CONVICTS serve up some culture
Prisoners at the Thane Jail expressed their creative skills in a play last week
Joeanna Rebello Fernandes | TNN
They were unschooled in the legend of Augusto Boal, and in the stage subset called Theatre of the Oppressed, but they became accidental actors at the end of a ten-day intervention. Last Saturday, 11 convicted prisoners huddled in makeshift wings, clamouring for more rouge and pancake as they nervously peered into the audience of 500 undertrials, minutes before the staging of their own piece. Nothing about their schoolboy jitters betrayed their crimes, although the yellow bands girdling some sleeves did—these were murder convicts.
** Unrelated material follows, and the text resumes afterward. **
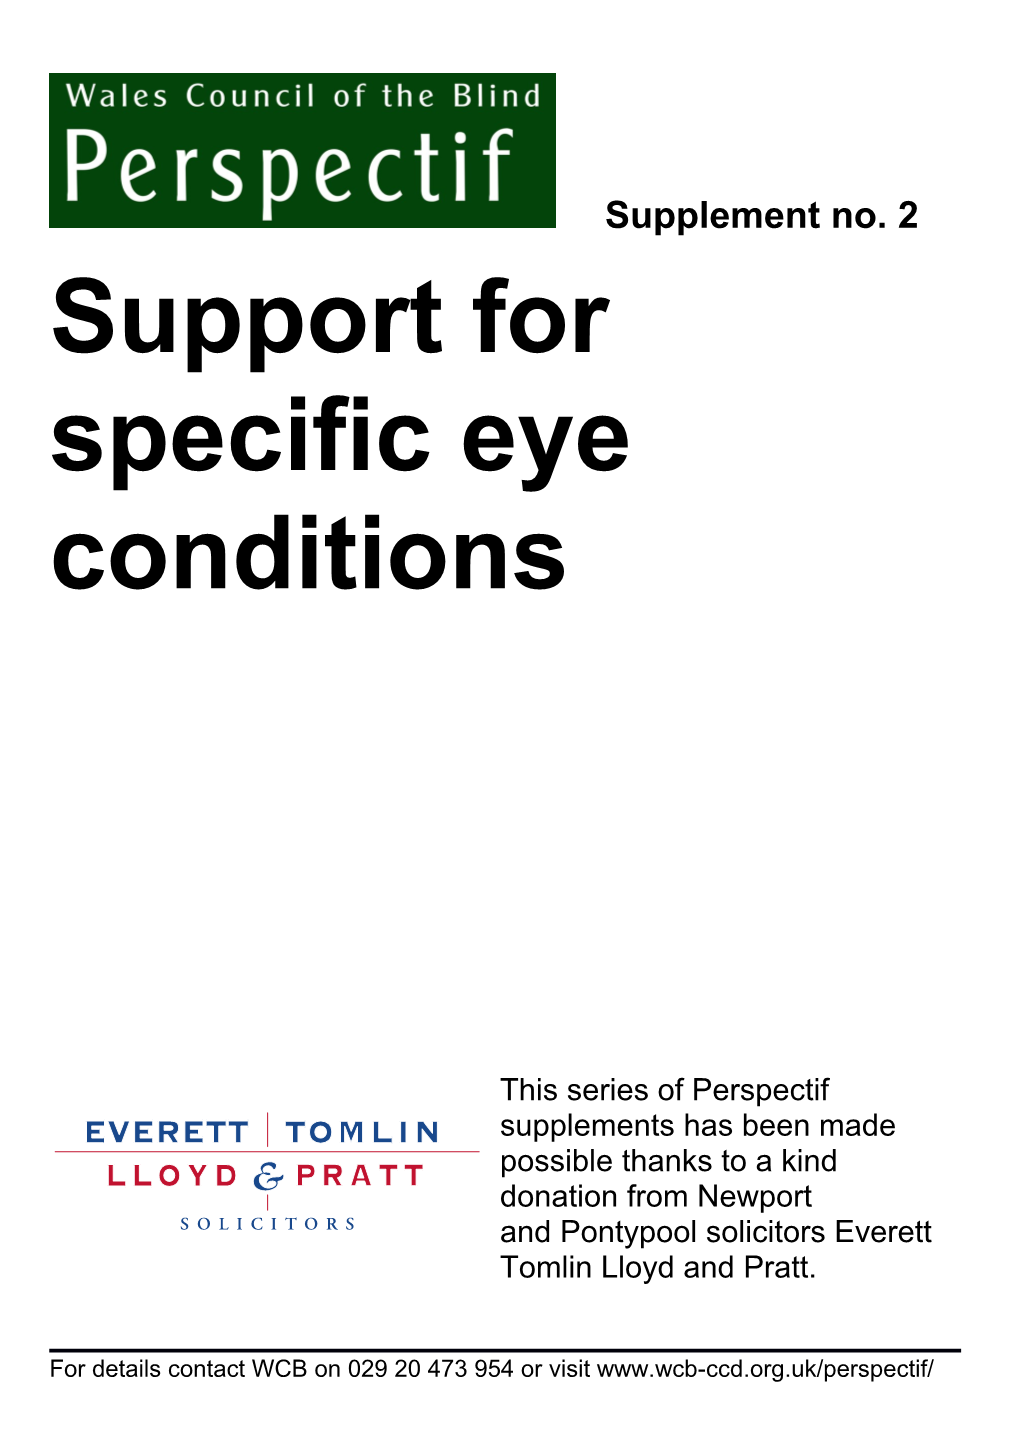 Support for Specific Eye Conditions

As they cautiously trooped on stage, the barebones recreational hall at Thane Jail erupted in whistles and hoots. The actors launched into a series of rehearsed vignettes, depicting the downward spiral of a young man bedevilled by alcohol and drug addiction, beset by AIDS and taken by death, but returned to life for his penitence. Thus the play ended on
a hopeful, yet admonitory note: Getting high will only bring you down, so avoid addiction before it gets you.
These men would know—many of their own crimes were committed under the influence. At the close of the play, the lead actor, a young man called Dattatreya, who swayed and slurred as if he really had quaffed a stiff one in the wings, explained his authenticity: “I used to be an addict outside, and I can honestly tell you I’ve only now learnt the curse of my addiction. It’s the reason I am here.’’
All began to catalogue their pre-prison failings, hoping to serve as examples to the rest. “I was a driver with a rich family, and I never thought twice about blowing up money, until I came here and had nothing,’’ said middle-aged Vinod Jagda from Rajkot. “Ninety per cent of us are here because of addiction,’’ Vikas Mohanrao Jade reminded all. “And only when each one of us has given it up for good can we say this play has been a success.’’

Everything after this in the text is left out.